REQUIRED ACTION
In the entries below, locate the line with "Calendrier 2021 à", then give again that line and all lines after it, exactly, with pictures omitted.

SOURCE MATERIAL
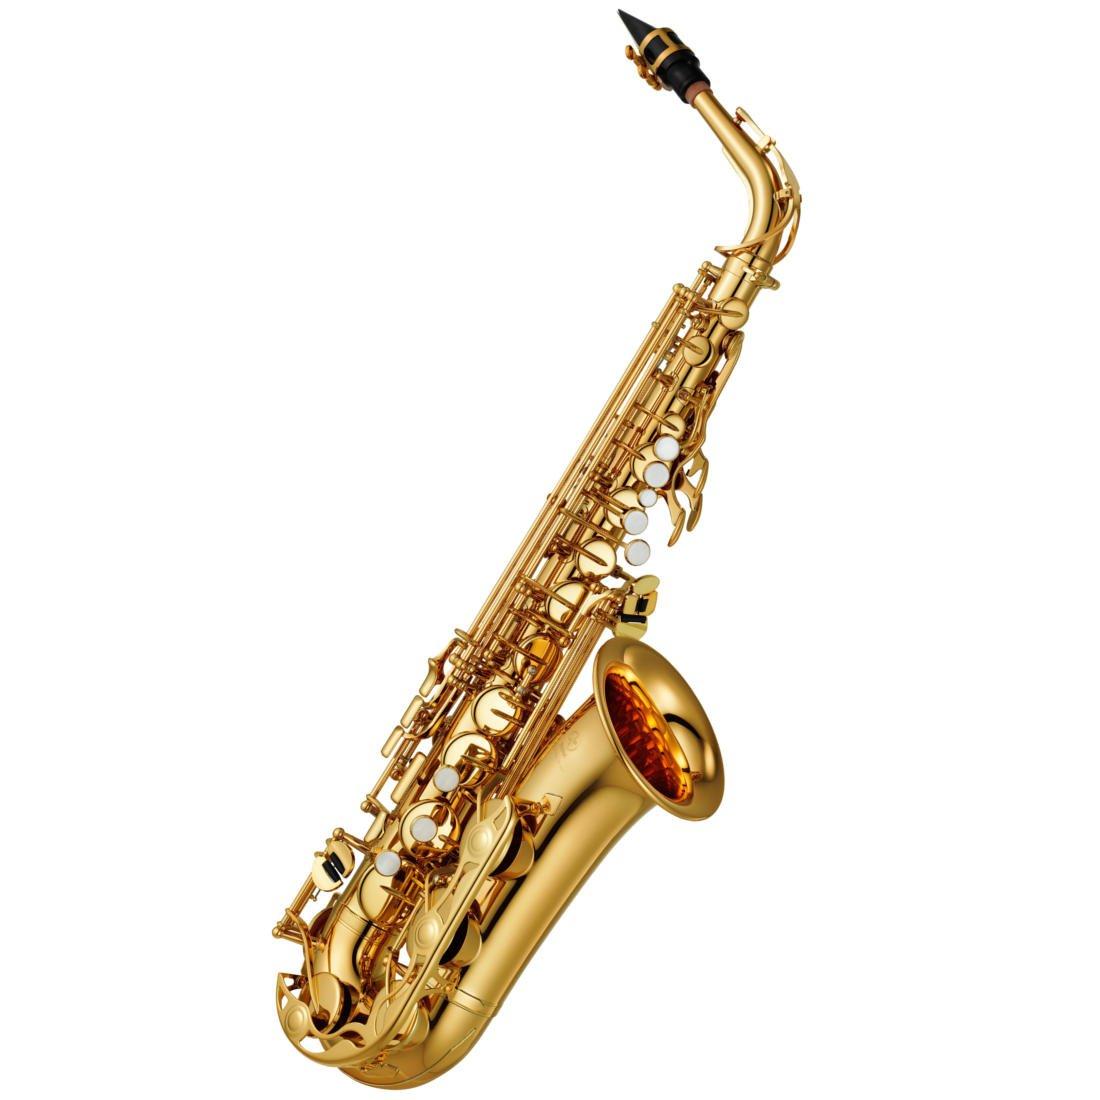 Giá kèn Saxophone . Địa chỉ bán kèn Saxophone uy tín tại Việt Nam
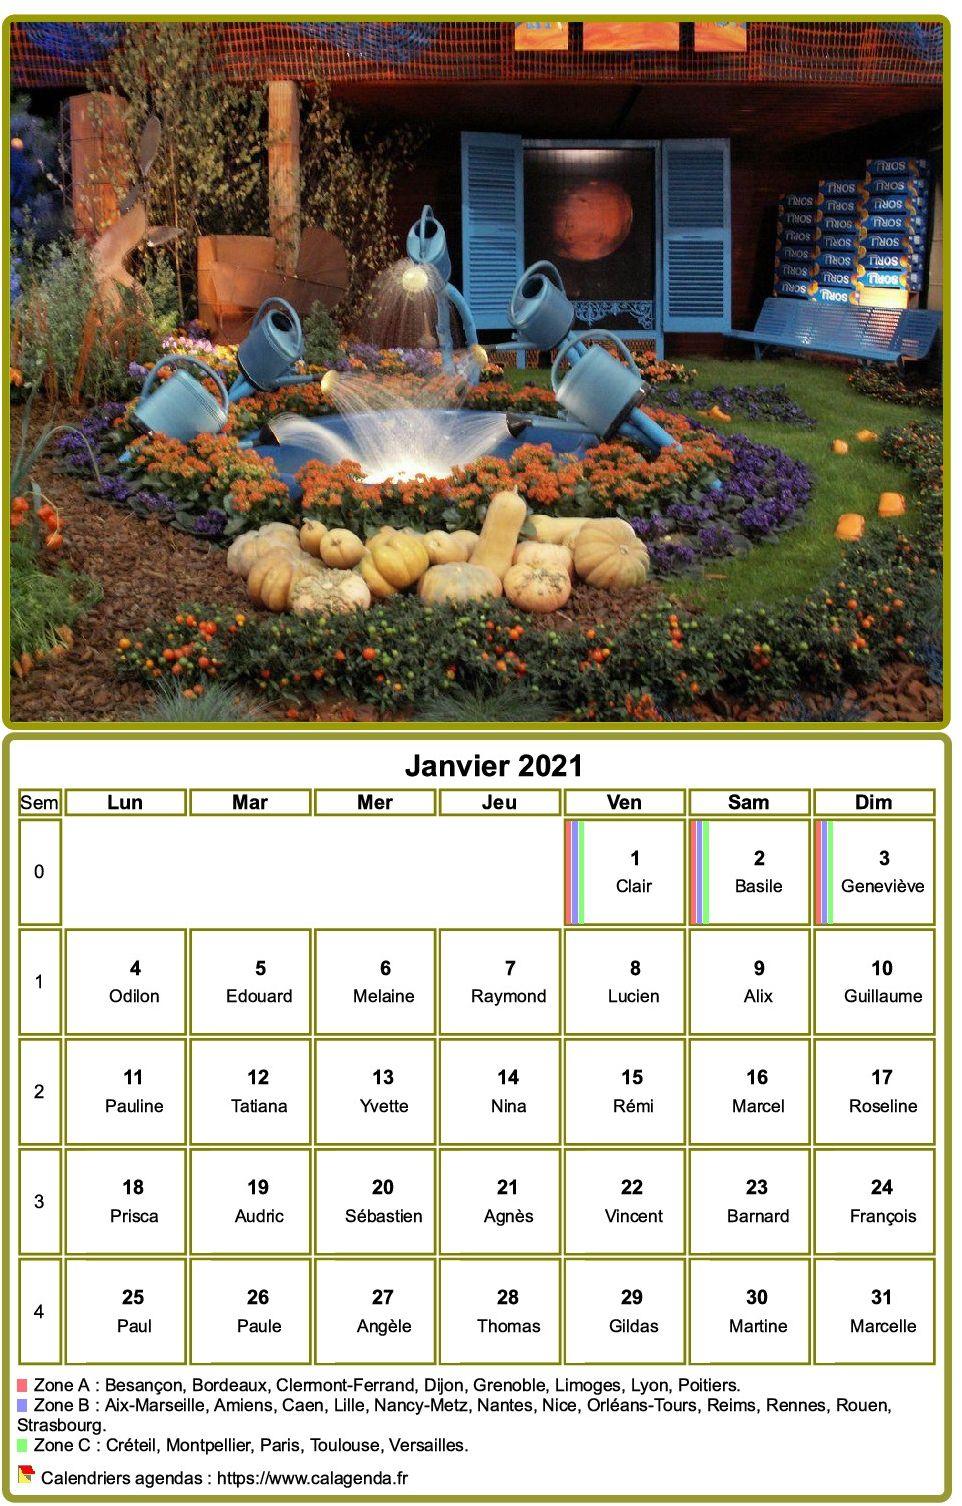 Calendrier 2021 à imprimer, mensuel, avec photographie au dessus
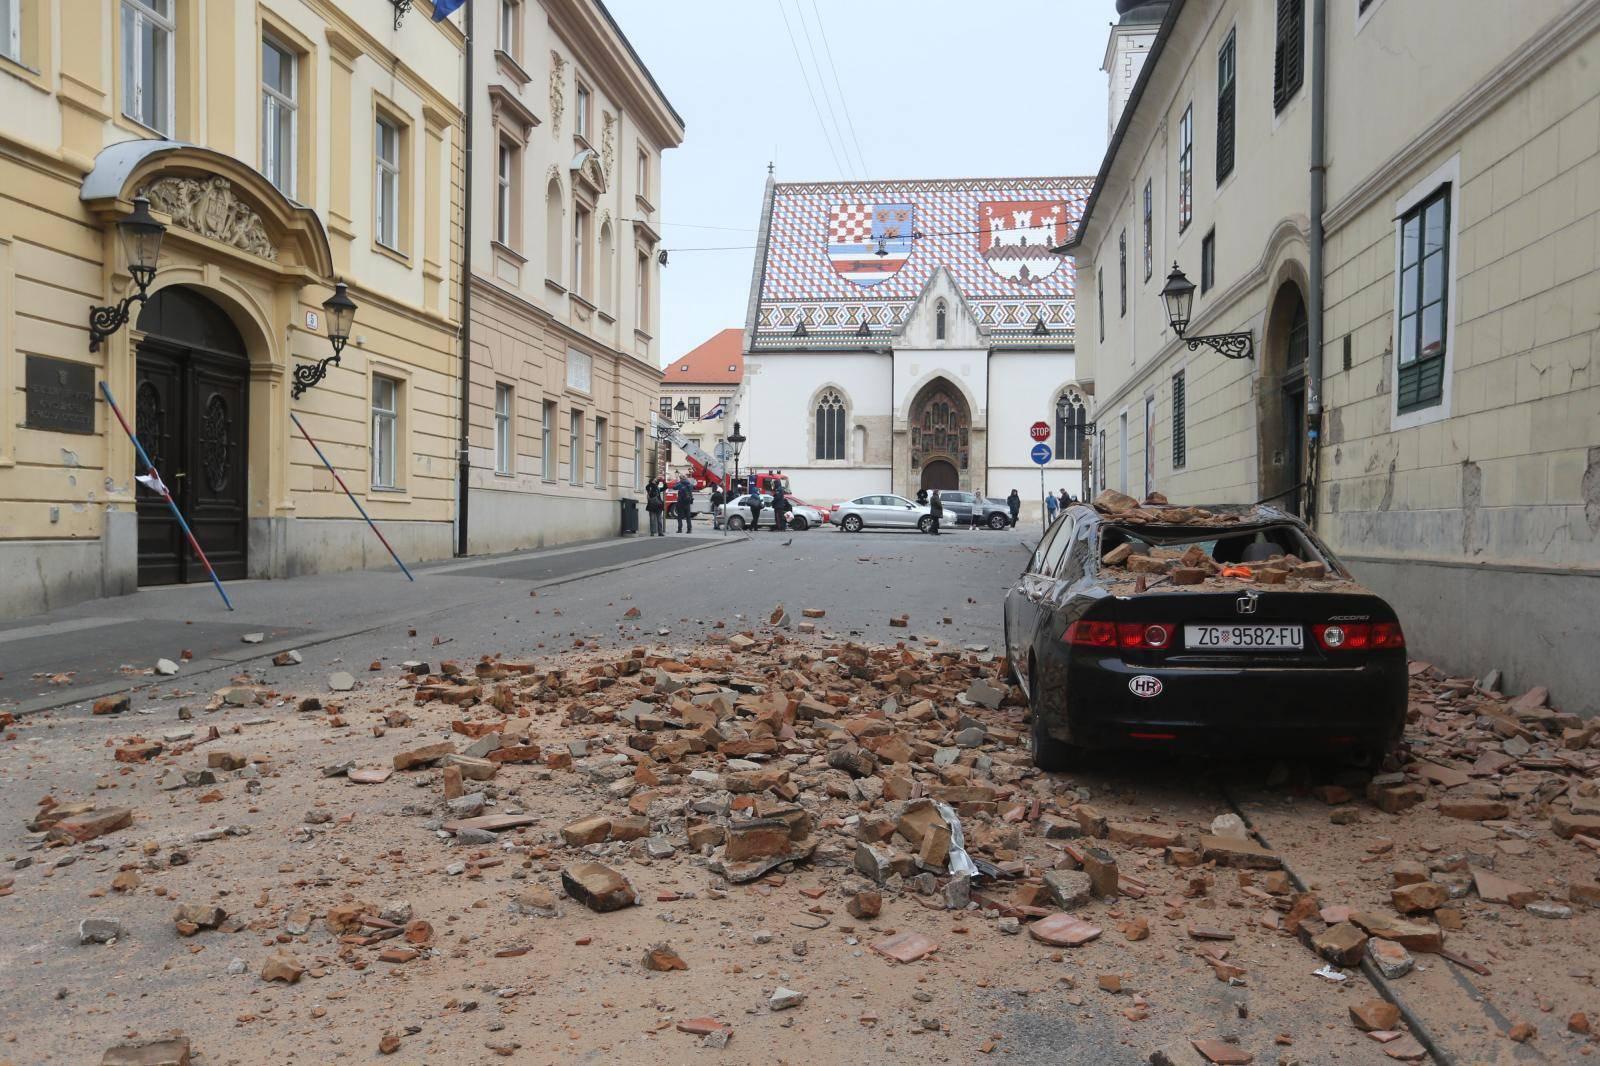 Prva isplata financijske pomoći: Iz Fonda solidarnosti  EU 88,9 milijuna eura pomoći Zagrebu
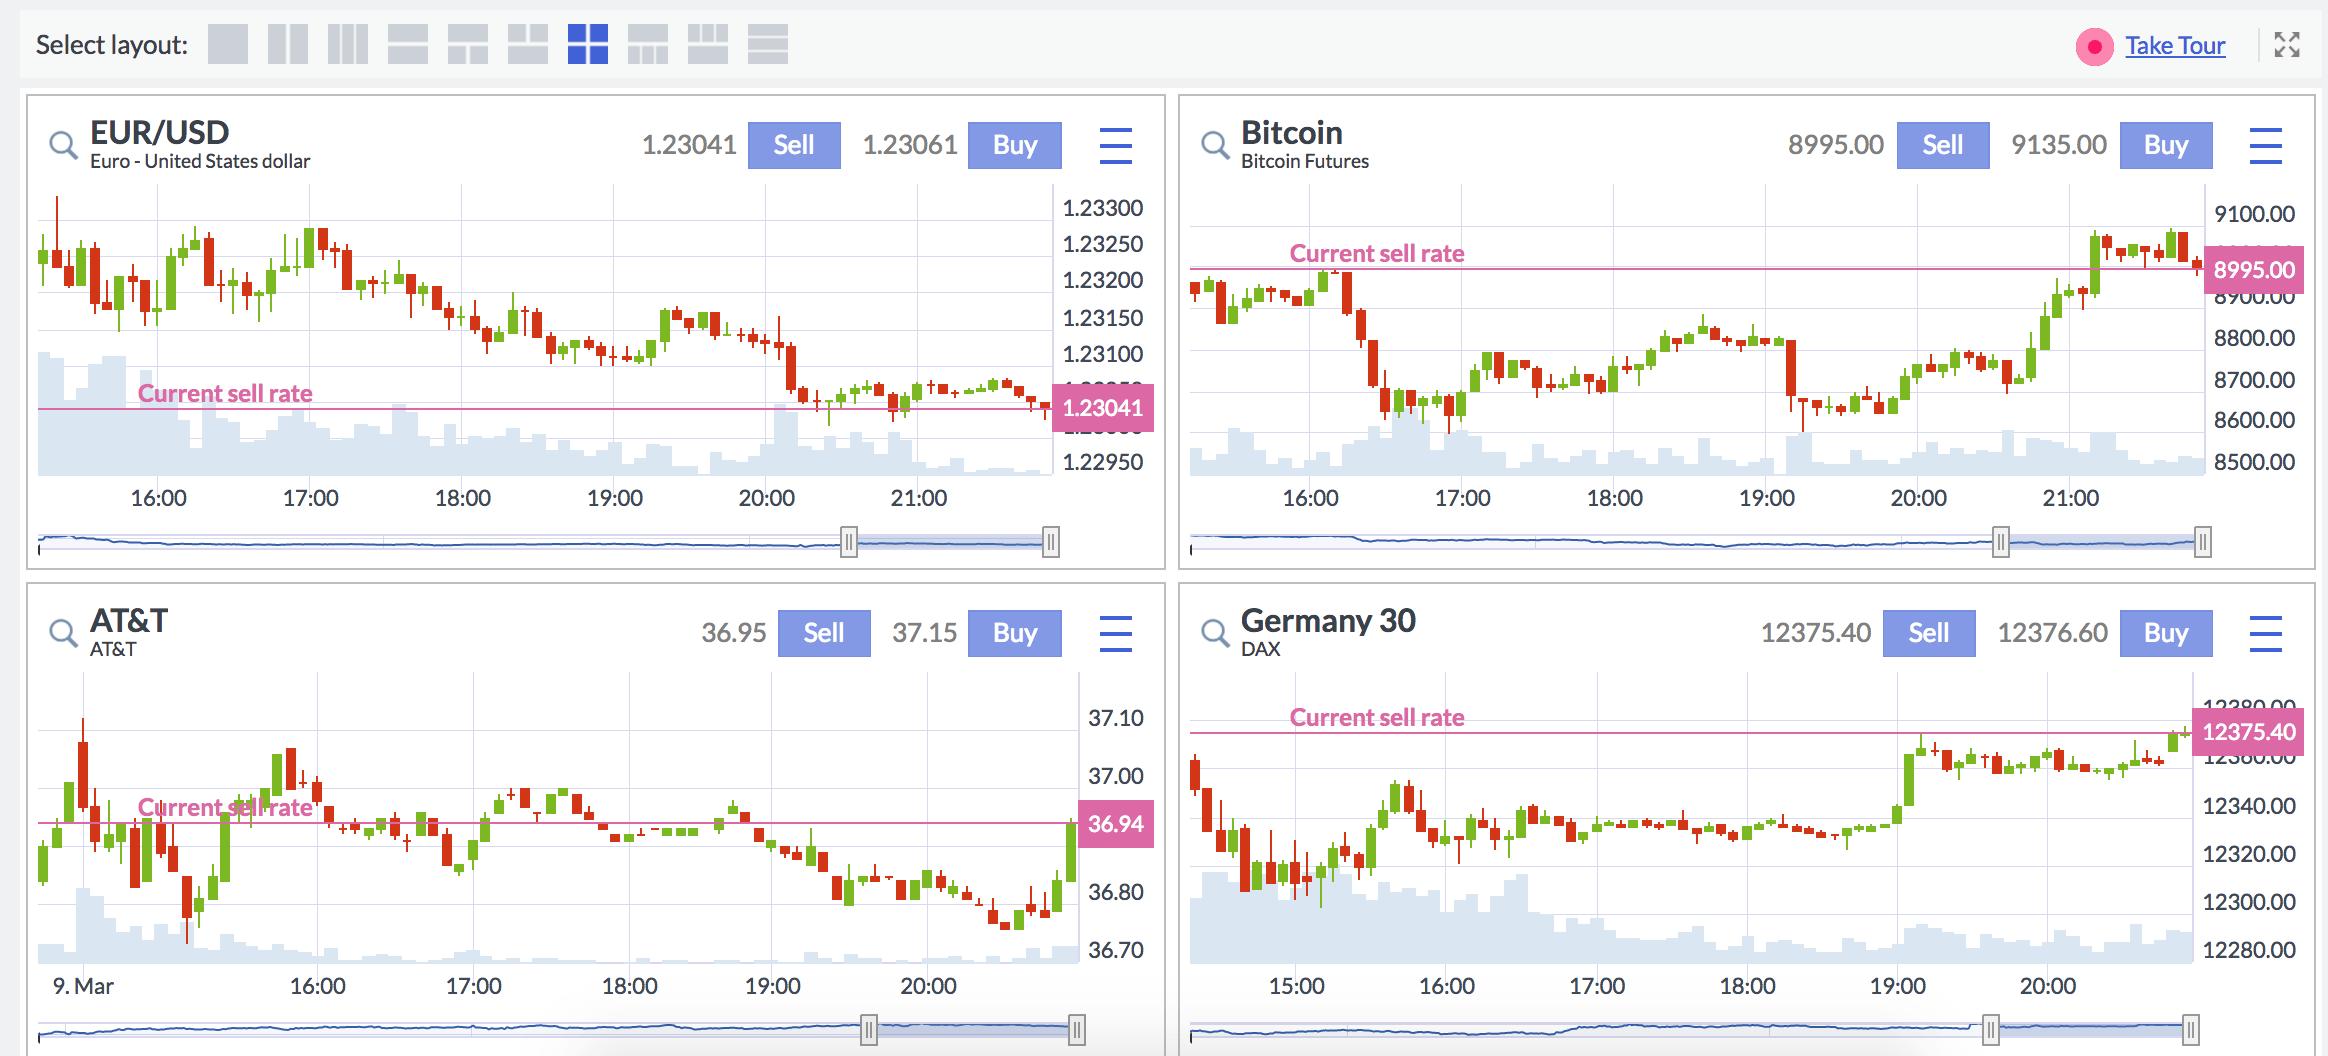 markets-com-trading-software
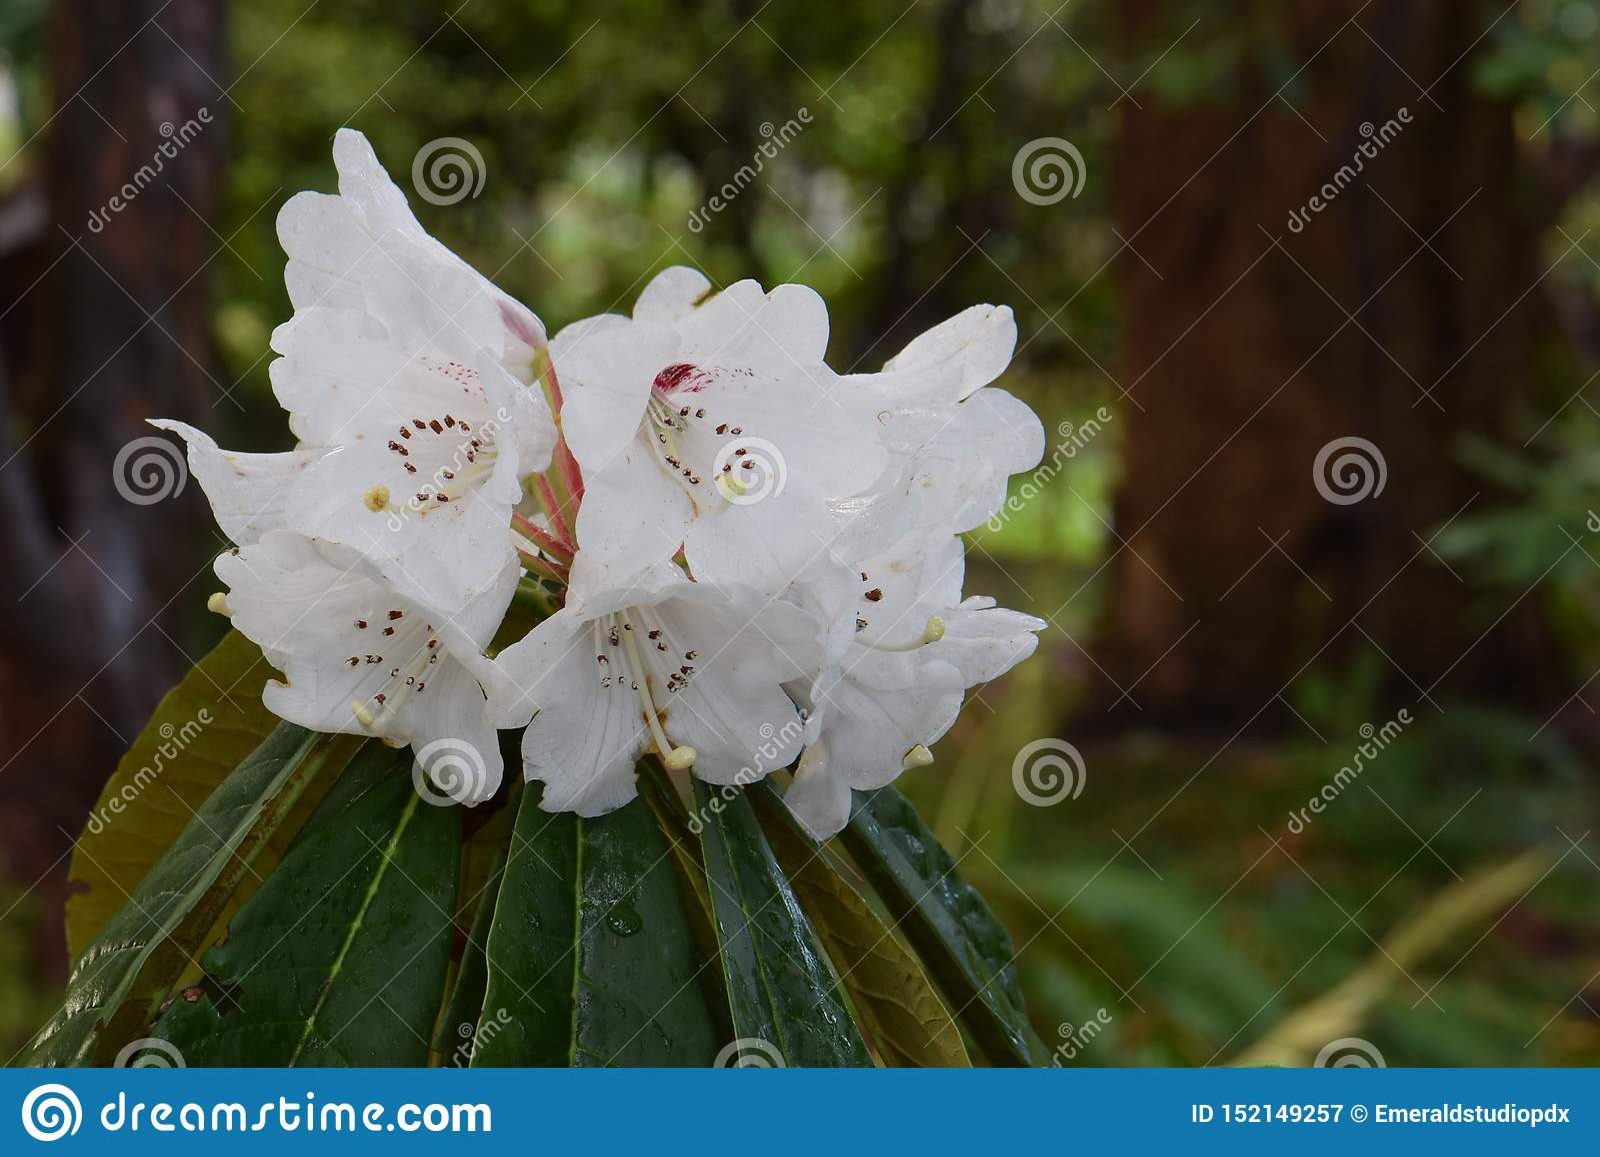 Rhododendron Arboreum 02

YOUR RESPONSE
 Calendrier 2021 à imprimer, mensuel, avec photographie au dessus
 Prva isplata financijske pomoći: Iz Fonda solidarnosti  EU 88,9 milijuna eura pomoći Zagrebu
 markets-com-trading-software
 Rhododendron Arboreum 02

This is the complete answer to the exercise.